So if the NFS server uses O_DSYNC writes again, by the time the
WRITE response is sent to the client (which can now use
NFS_DATA_SYNC instead of NFS_UNSTABLE so the client can mark pages
clean immediately) both the file data and the inode metadata have
been persisted.

Further, if the nfsd runs ->commit_metadata after the write has
completed, the nfsd now has a guarantee that i_version it places in
the post-ops is both persistent and covers the data change that was
just made.

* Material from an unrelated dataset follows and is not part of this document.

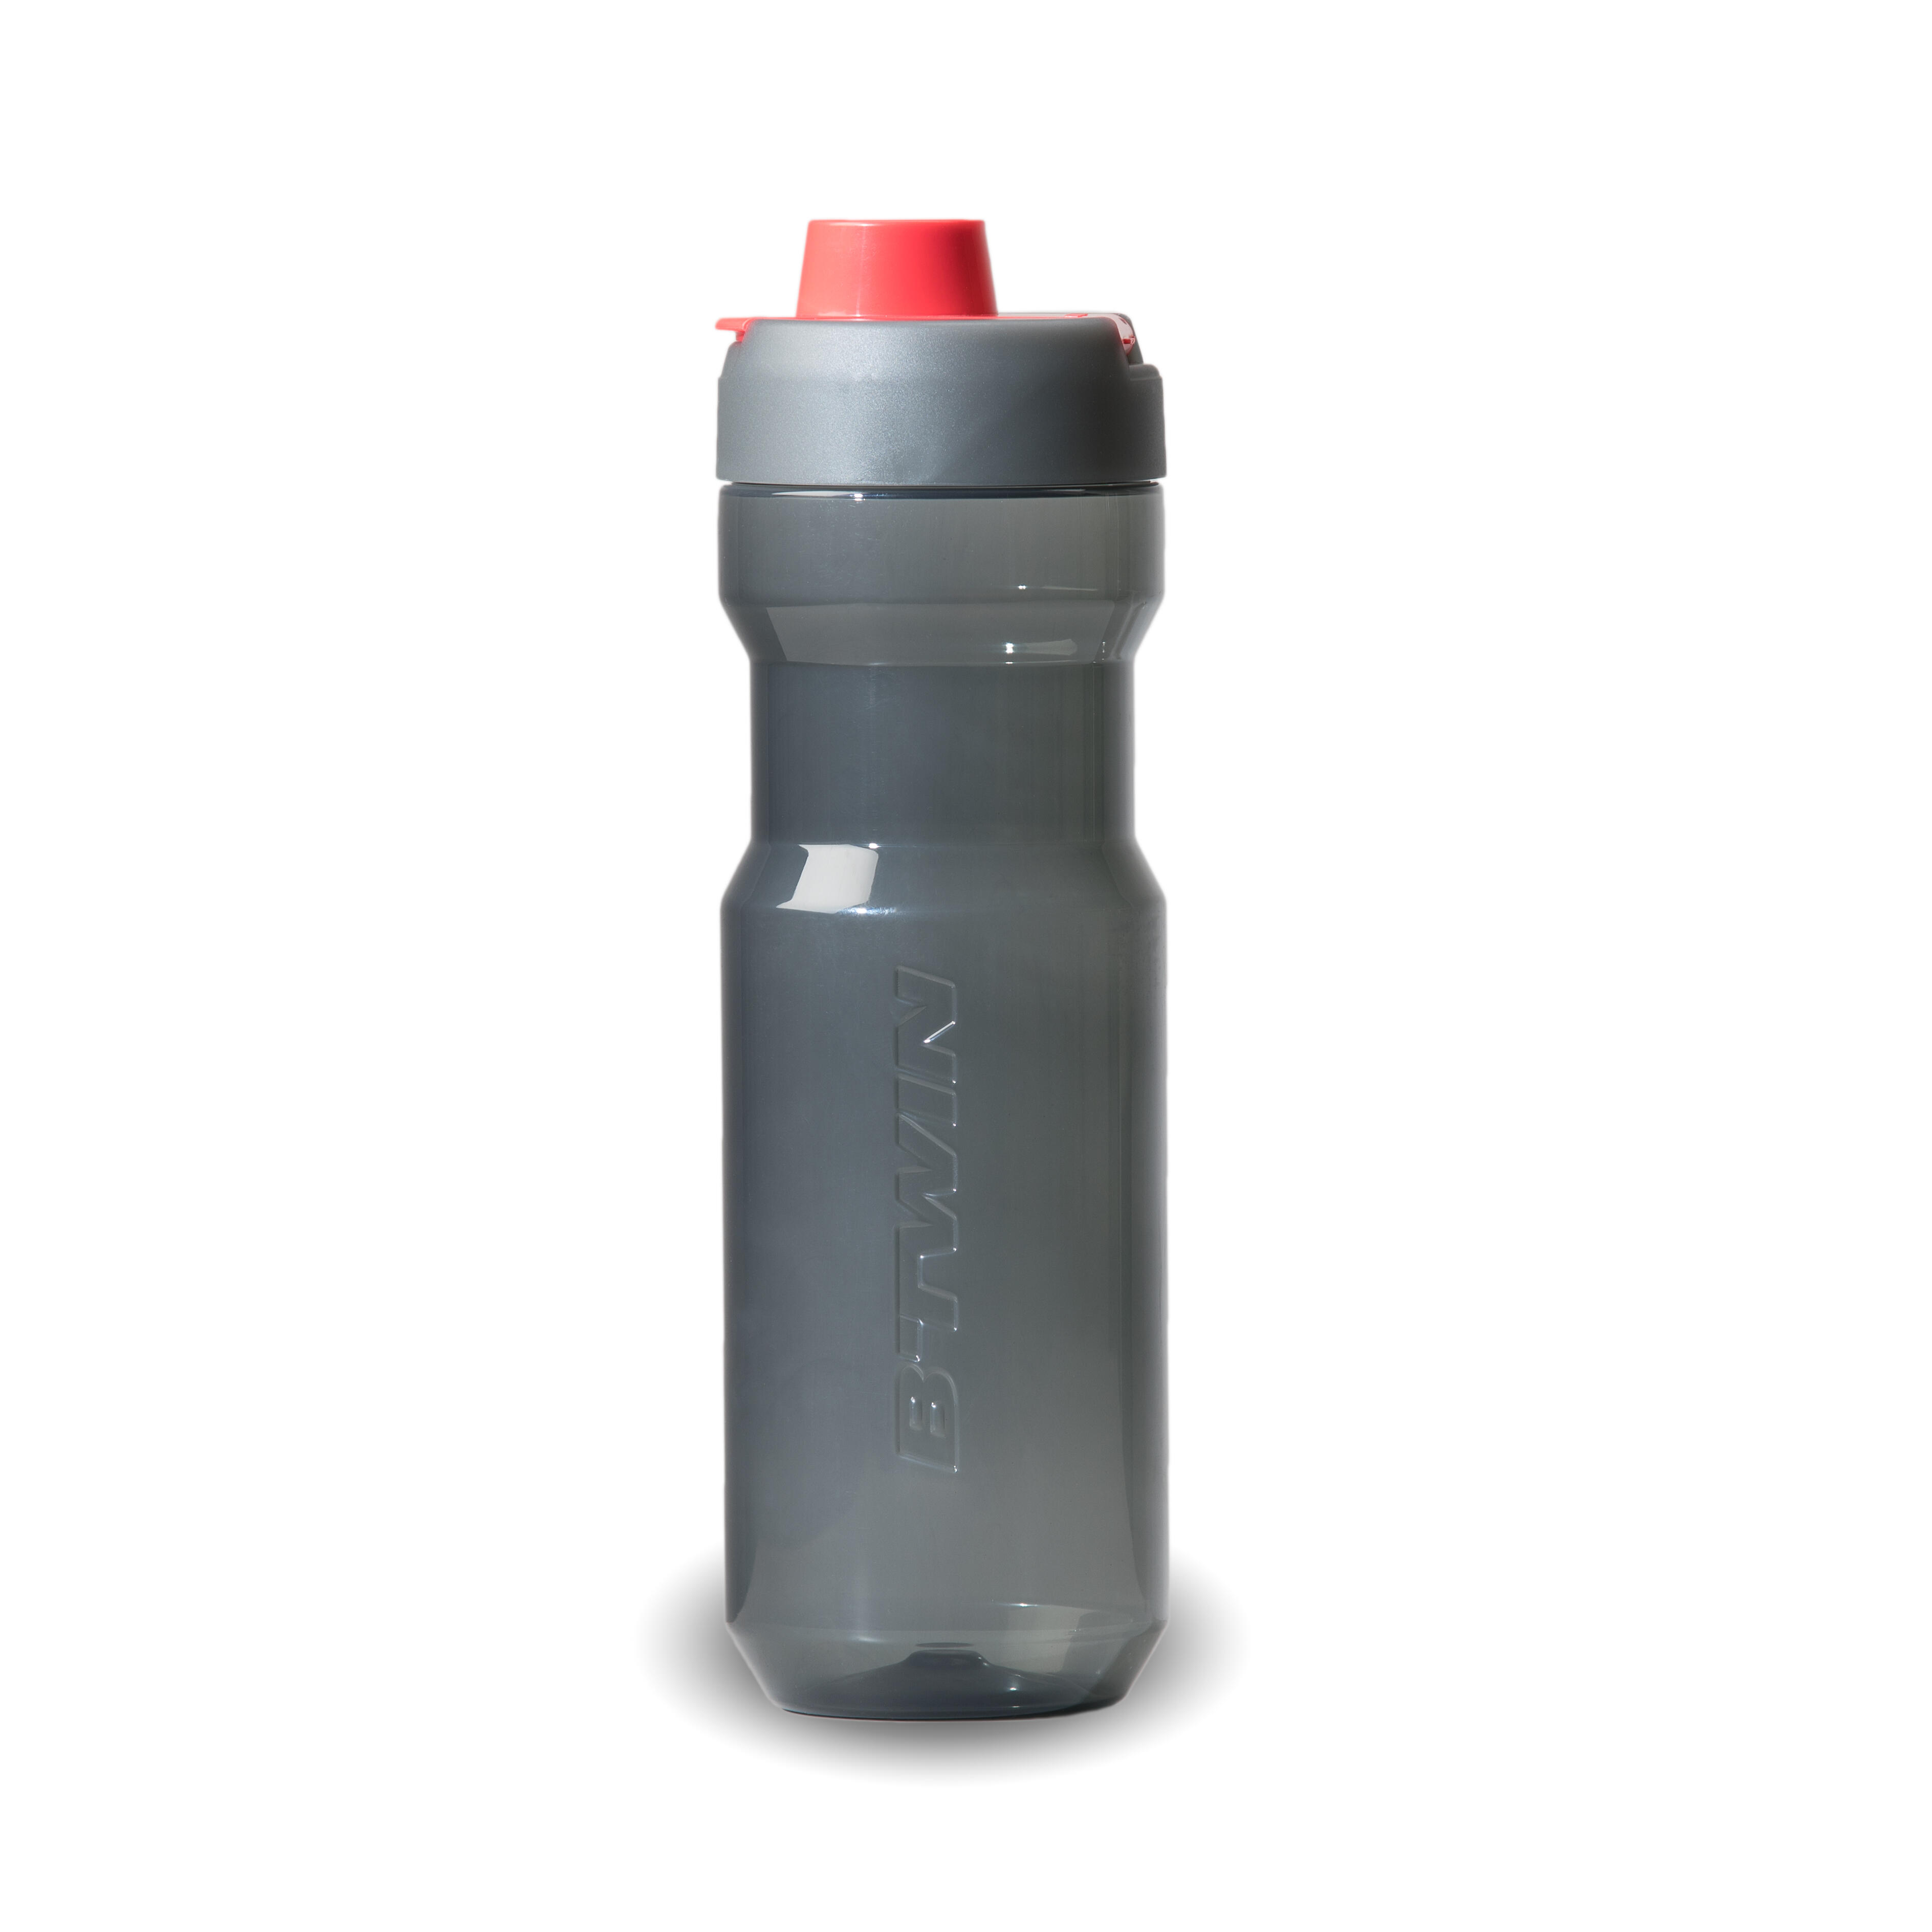 decathlon water container

Problem solved, yes?

Ideally we'd want writethrough IO operation with ->commit_metadata
then guaranteeing both completed data and metadata changes are
persistent (XFS already provides this guarantee) for efficiency,
but the point remains that STATX_ATTR_VERSION_MONOTONIC behaviour
can already be implemented by the NFS server application regardless
of when the underlying filesystem bumps i_version for data writes...

Yeah, I know writethrough can result in some workloads being a bit
slower, but NFS clients are already implemented to hide write
latency from the applications. Also, NFS servers are being built
from fast SSDs these days, so this mitigates the worst of the
latency issues that writethrough IO creates....

Cheers,

Dave.
-- 
Dave Chinner
david@fromorbit.com